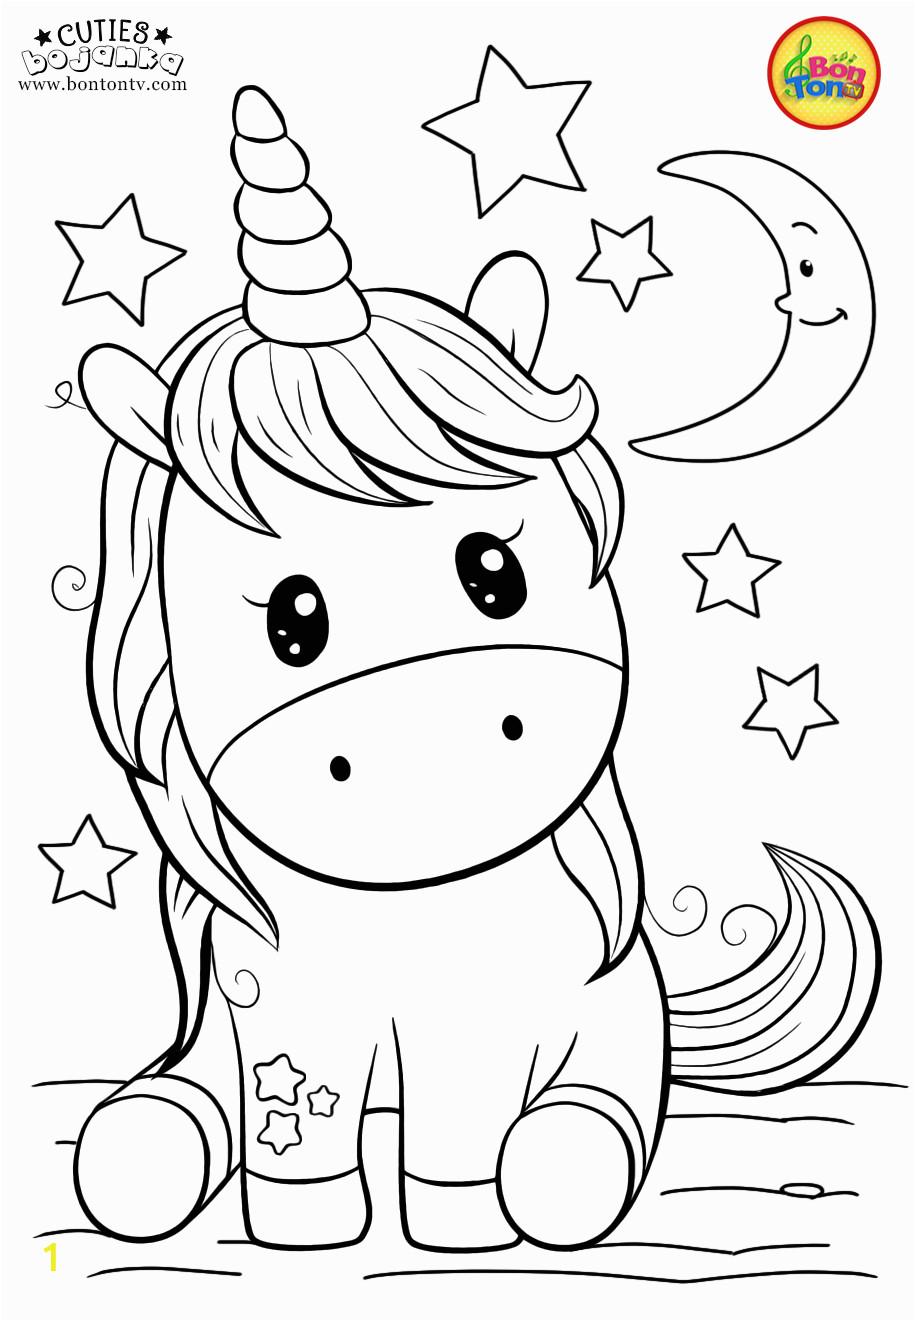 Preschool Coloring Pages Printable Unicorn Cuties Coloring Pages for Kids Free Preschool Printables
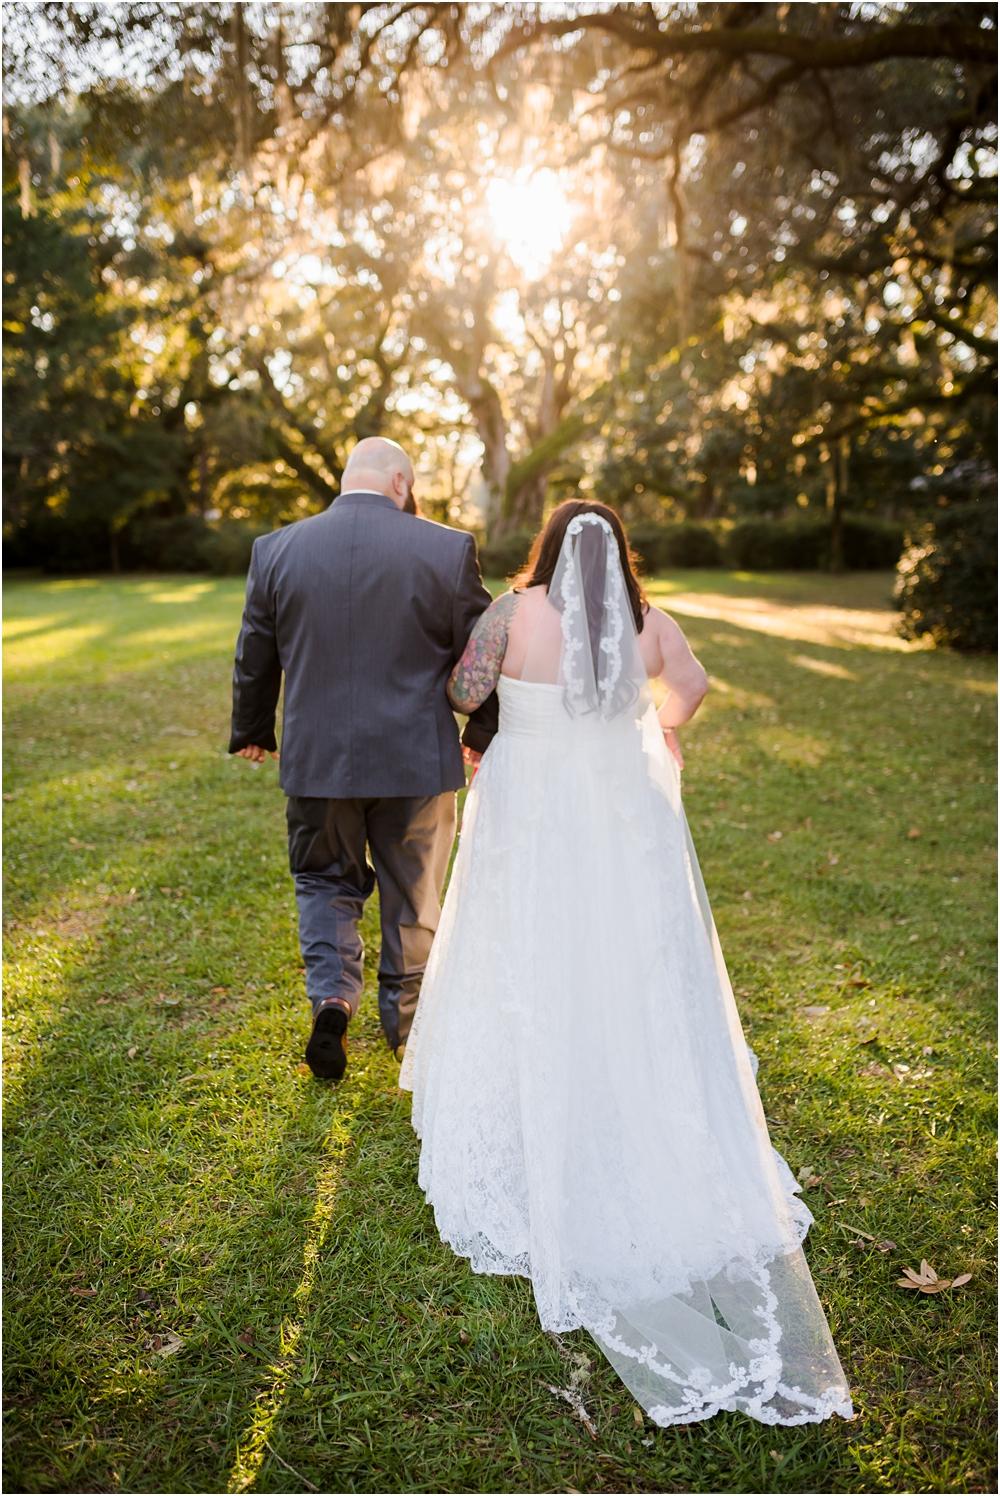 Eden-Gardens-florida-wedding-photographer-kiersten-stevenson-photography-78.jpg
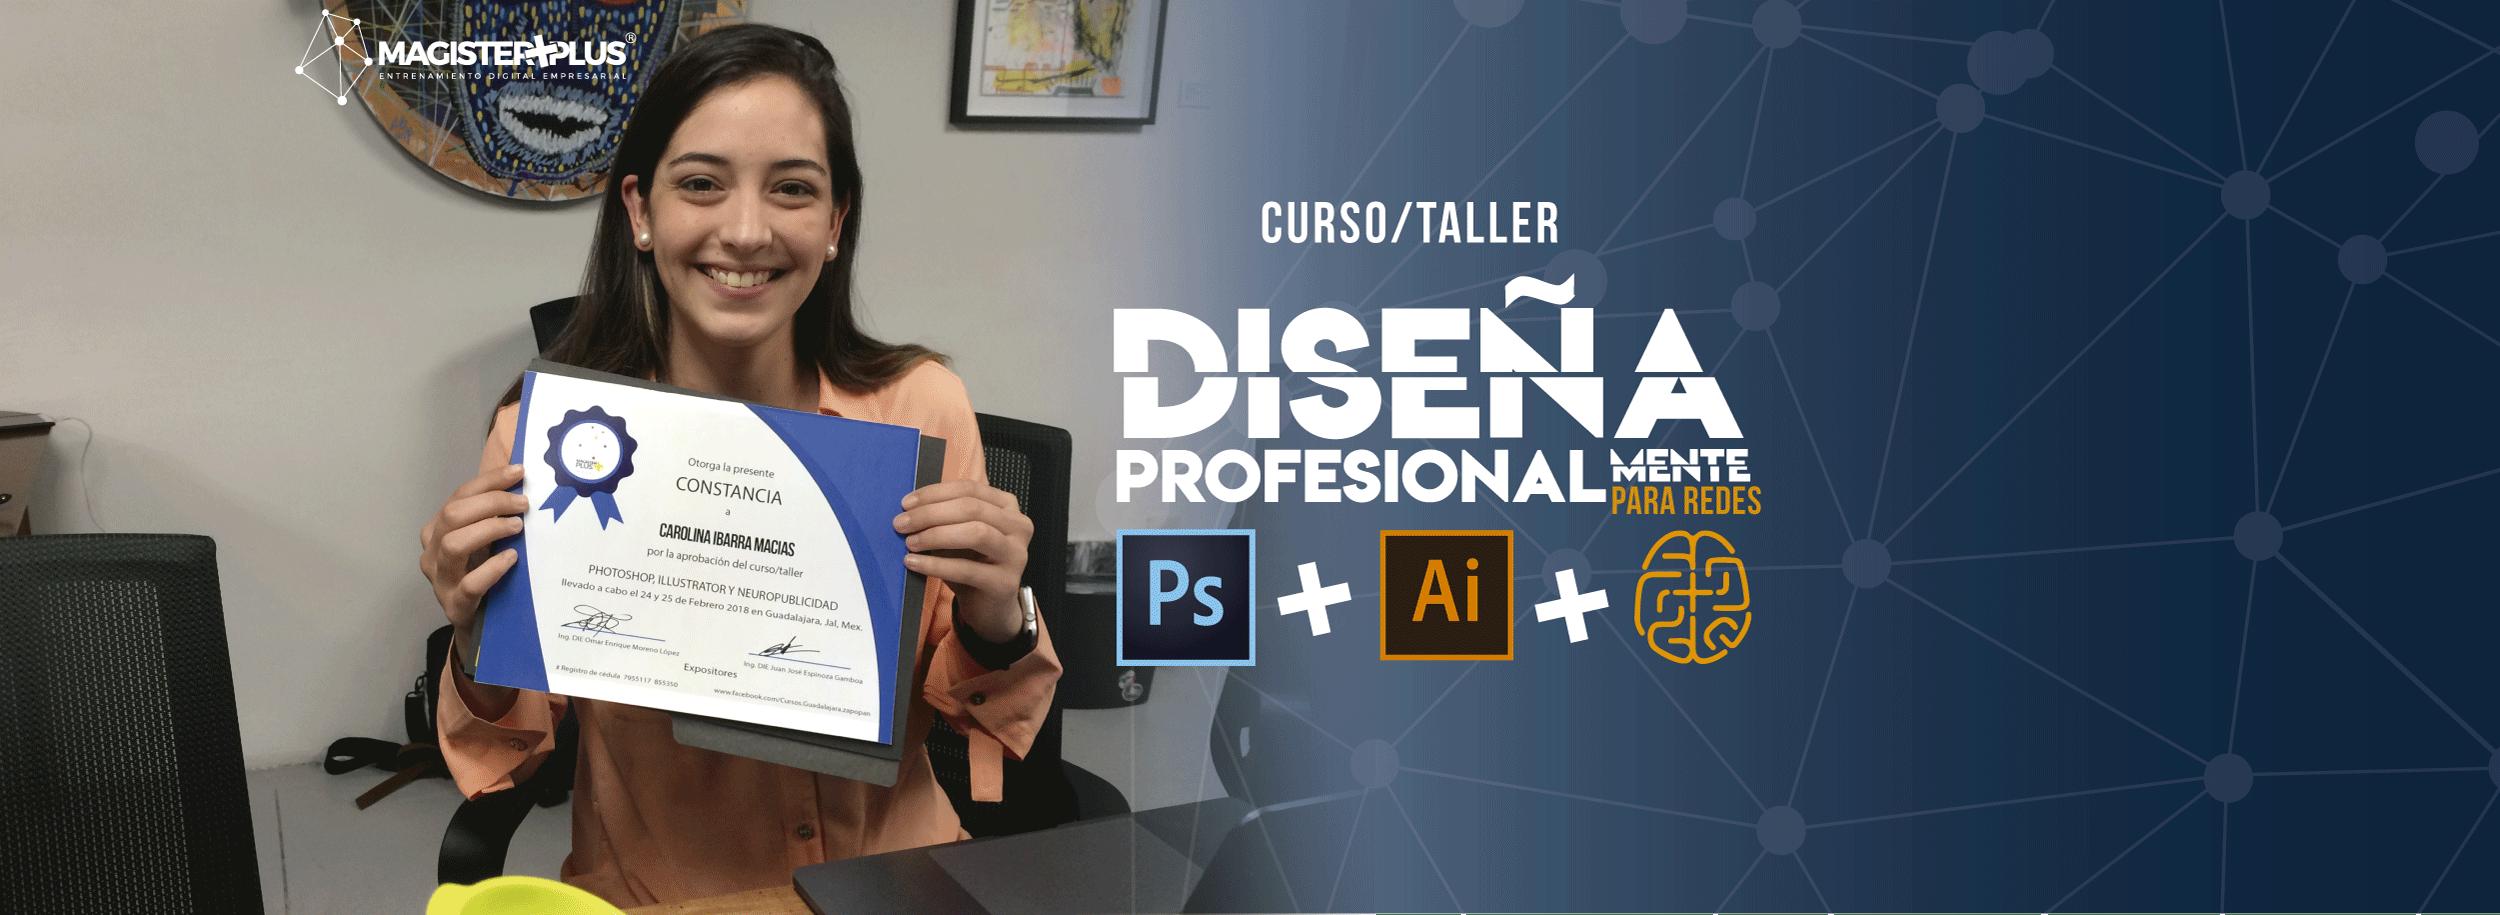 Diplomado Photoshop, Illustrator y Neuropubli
________________
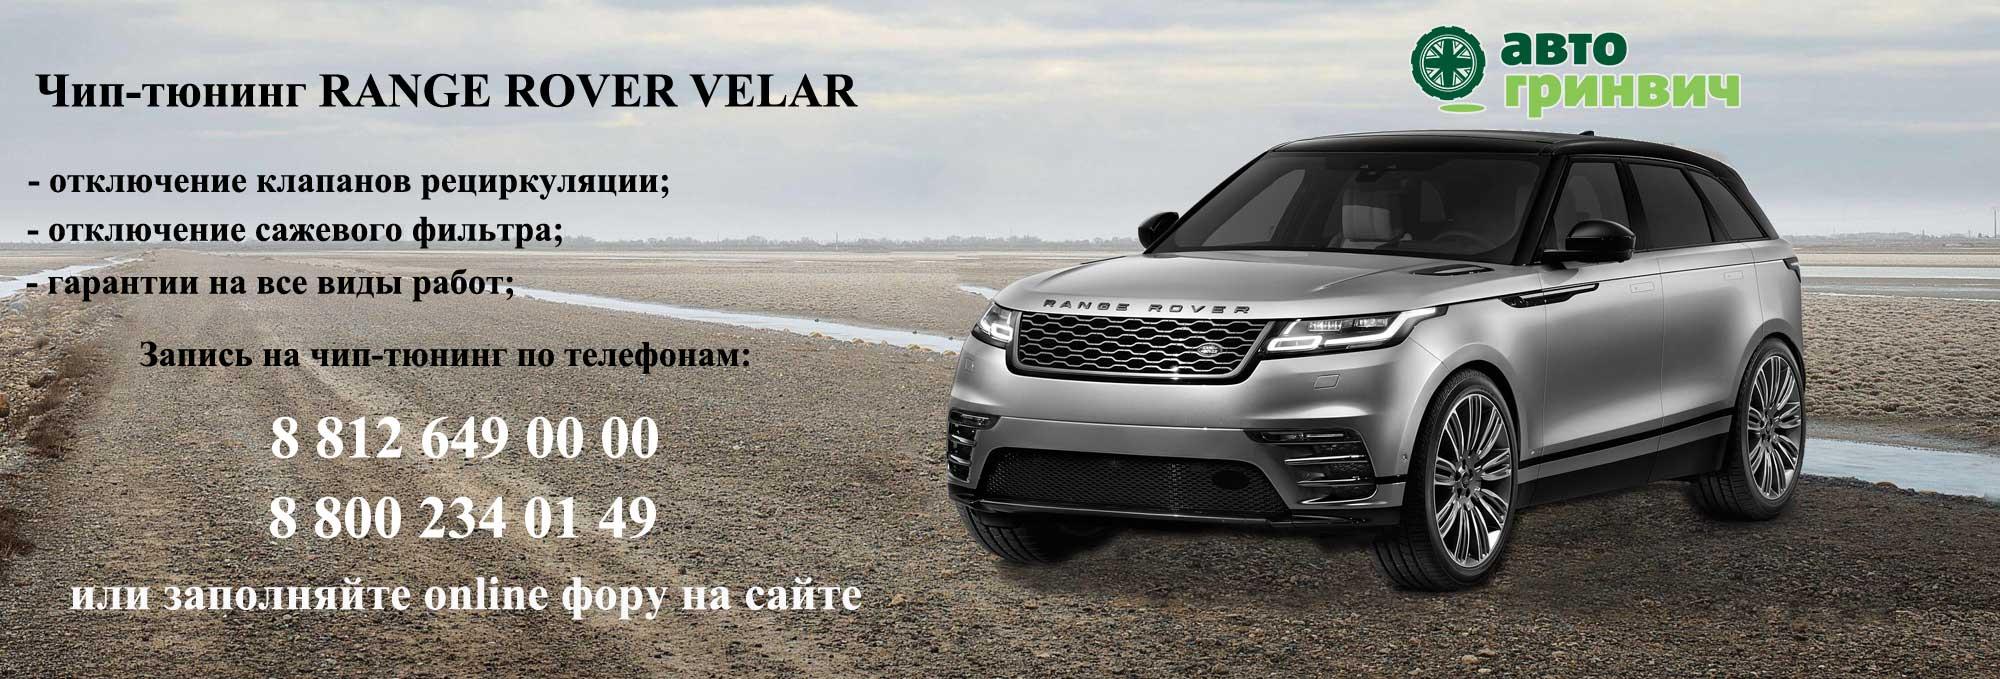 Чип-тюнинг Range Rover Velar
________________
Go to the line above that contains "Preschool Coloring Pages" and reproduce everything exactly from there through the line that contains "Diplomado Photoshop, Illustrator", leaving out the pictures.

### Response
 Preschool Coloring Pages Printable Unicorn Cuties Coloring Pages for Kids Free Preschool Printables
 Eden-Gardens-florida-wedding-photographer-kiersten-stevenson-photography-78.jpg
 Diplomado Photoshop, Illustrator y Neuropubli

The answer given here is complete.